Task objective: In the data below, find the line containing "Illustrazione di un", then set down that line and every later line up to and including the line containing "Una donna in", exactly.

Dataset:
------------------------------

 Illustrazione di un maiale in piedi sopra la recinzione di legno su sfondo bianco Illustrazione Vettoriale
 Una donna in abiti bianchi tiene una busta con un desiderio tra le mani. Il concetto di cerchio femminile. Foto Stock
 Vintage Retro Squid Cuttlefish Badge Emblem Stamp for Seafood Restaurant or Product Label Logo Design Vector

------------------------------

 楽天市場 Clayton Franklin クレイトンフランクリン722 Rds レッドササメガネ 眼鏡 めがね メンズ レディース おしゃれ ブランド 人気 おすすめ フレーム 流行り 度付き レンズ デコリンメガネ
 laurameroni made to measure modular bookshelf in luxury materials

------------------------------

Response area:
 Illustrazione di un maiale in piedi sopra la recinzione di legno su sfondo bianco Illustrazione Vettoriale
 Una donna in abiti bianchi tiene una busta con un desiderio tra le mani. Il concetto di cerchio femminile. Foto Stock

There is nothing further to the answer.